**DATASET EXCERPT:**
┄┄┄┄┄┄┄┄┄┄
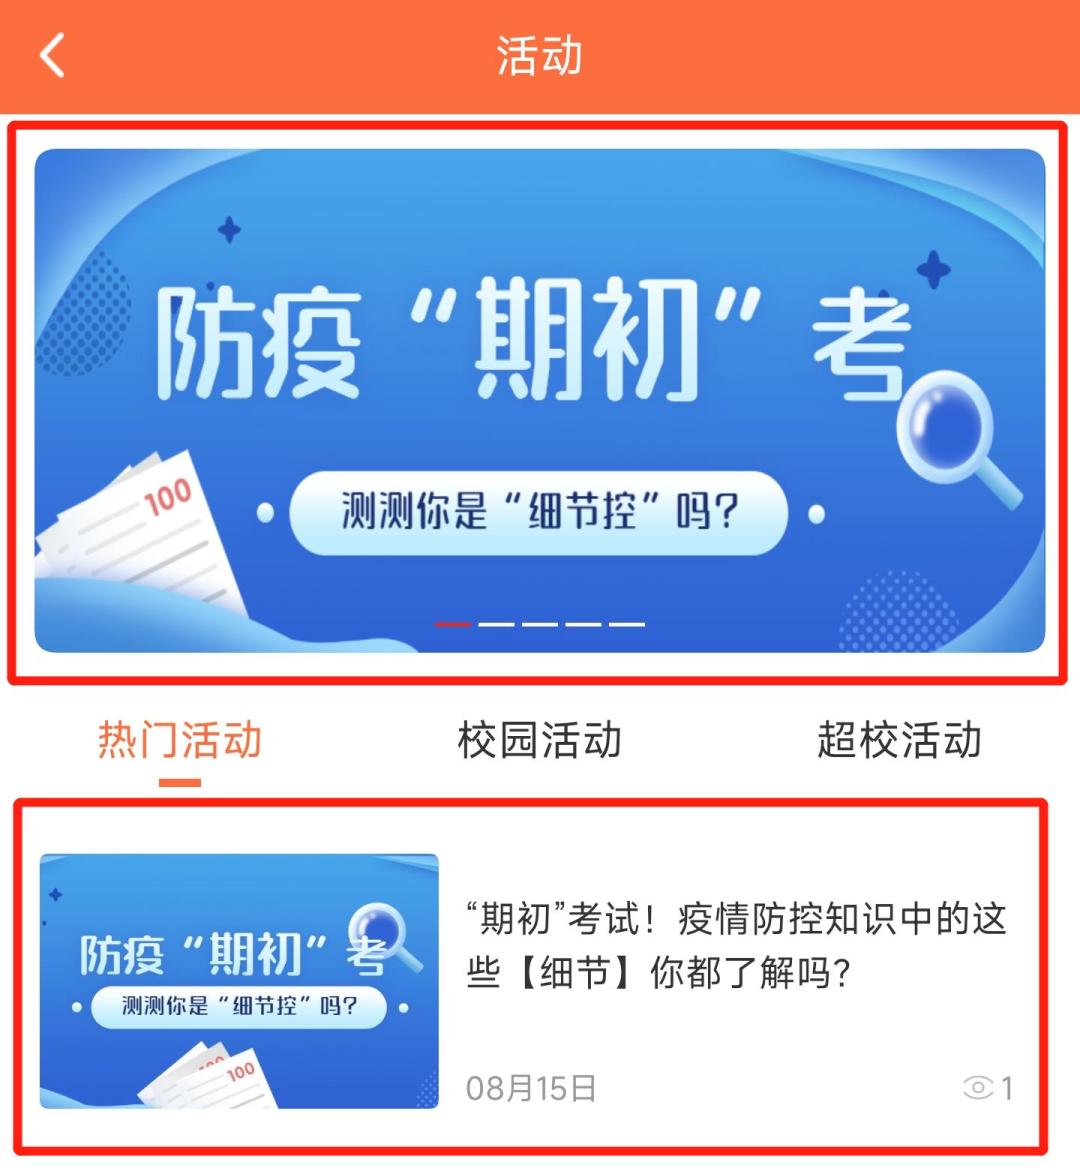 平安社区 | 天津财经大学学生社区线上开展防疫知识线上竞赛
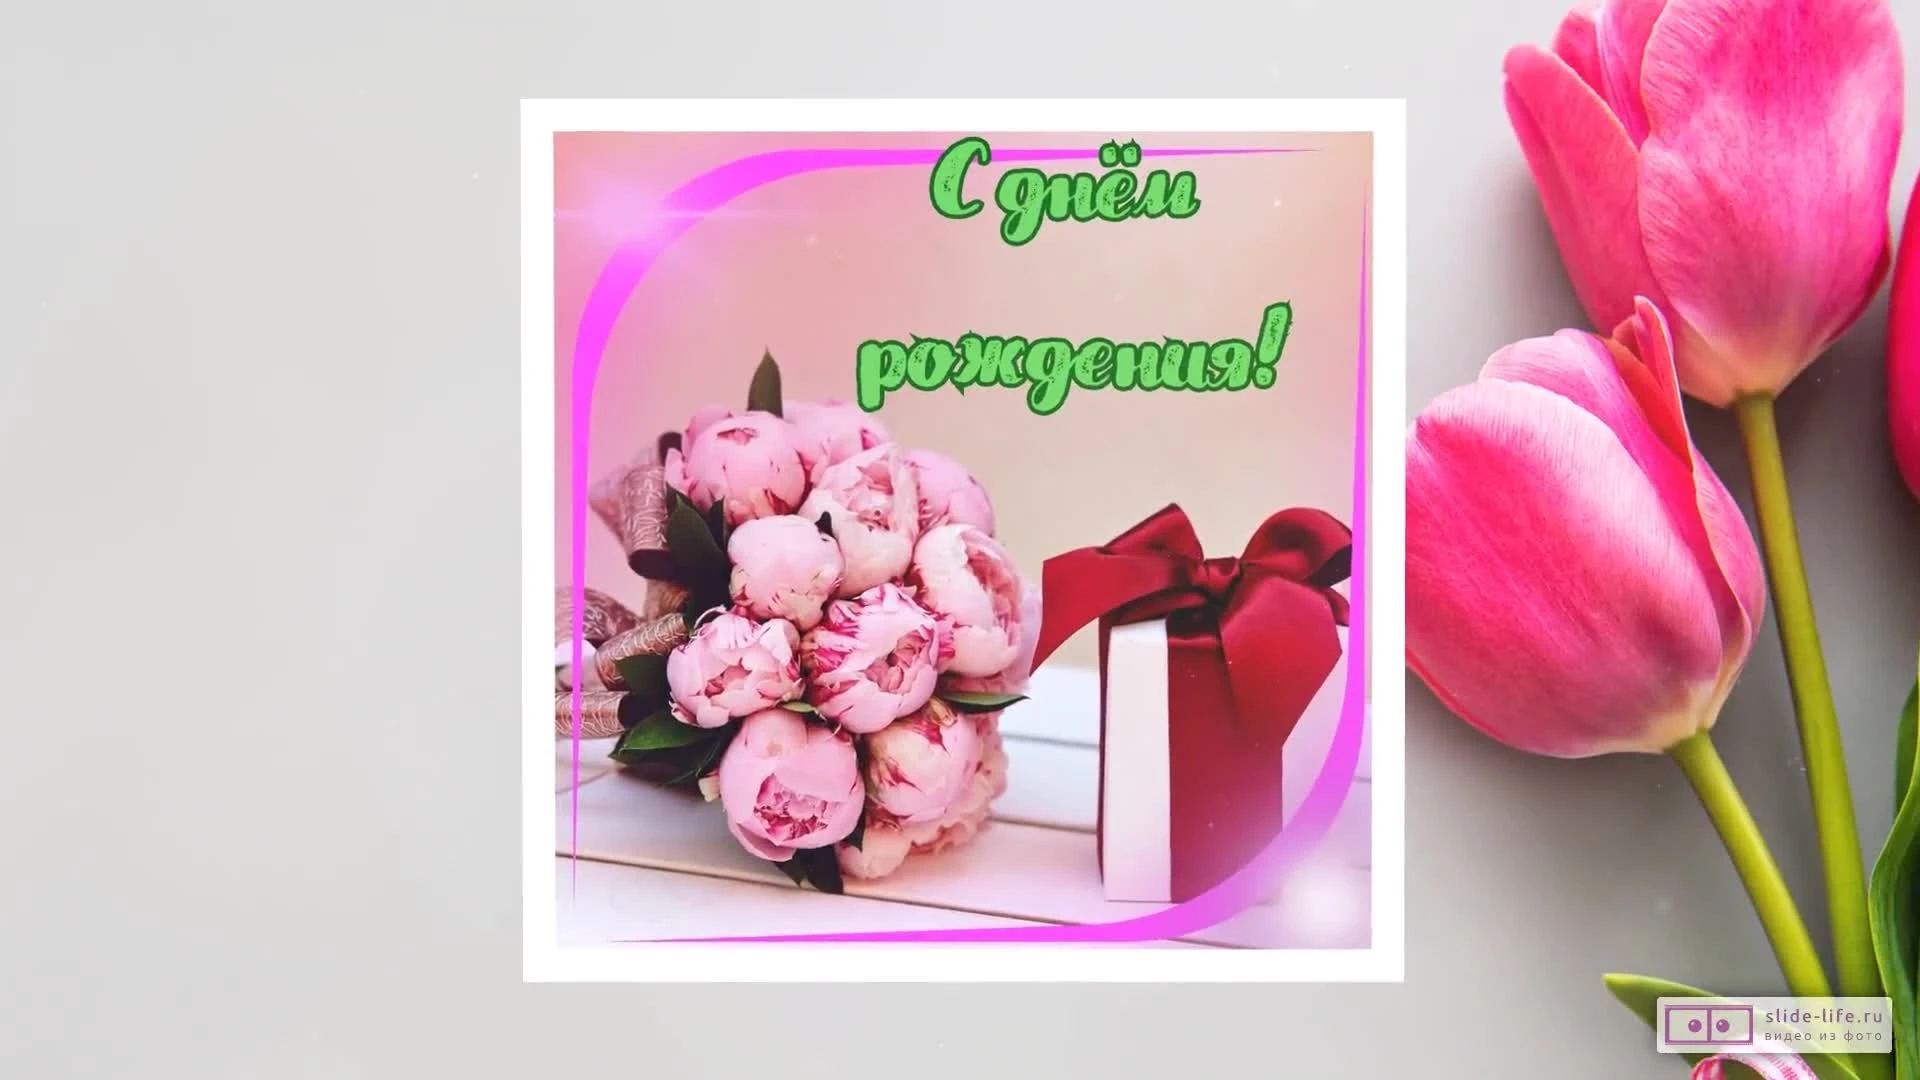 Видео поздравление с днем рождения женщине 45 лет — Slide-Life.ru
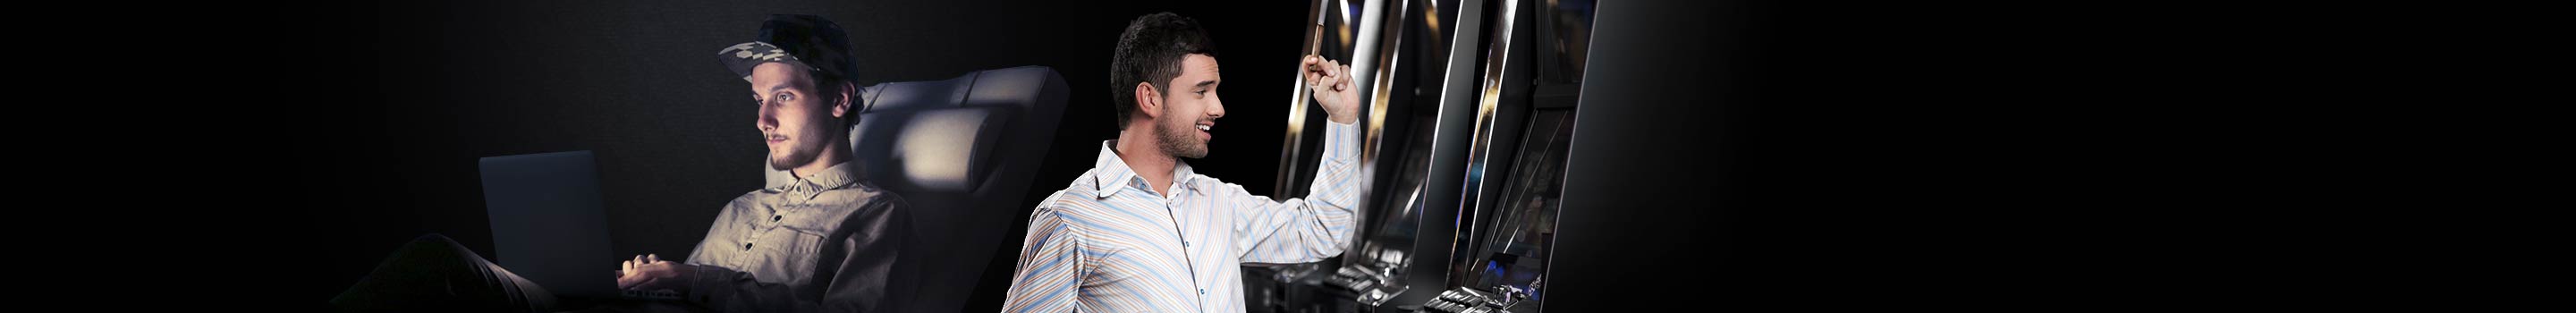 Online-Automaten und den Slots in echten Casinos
┄┄┄┄┄┄┄┄┄┄
**WHAT TO DO:**
Exactly the lines from the one with "Видео поздравление с" to the last line of the listing are wanted, both ends included and pictures excluded.

**RESPONSE TO THIS TASK:**
 Видео поздравление с днем рождения женщине 45 лет — Slide-Life.ru
 Online-Automaten und den Slots in echten Casinos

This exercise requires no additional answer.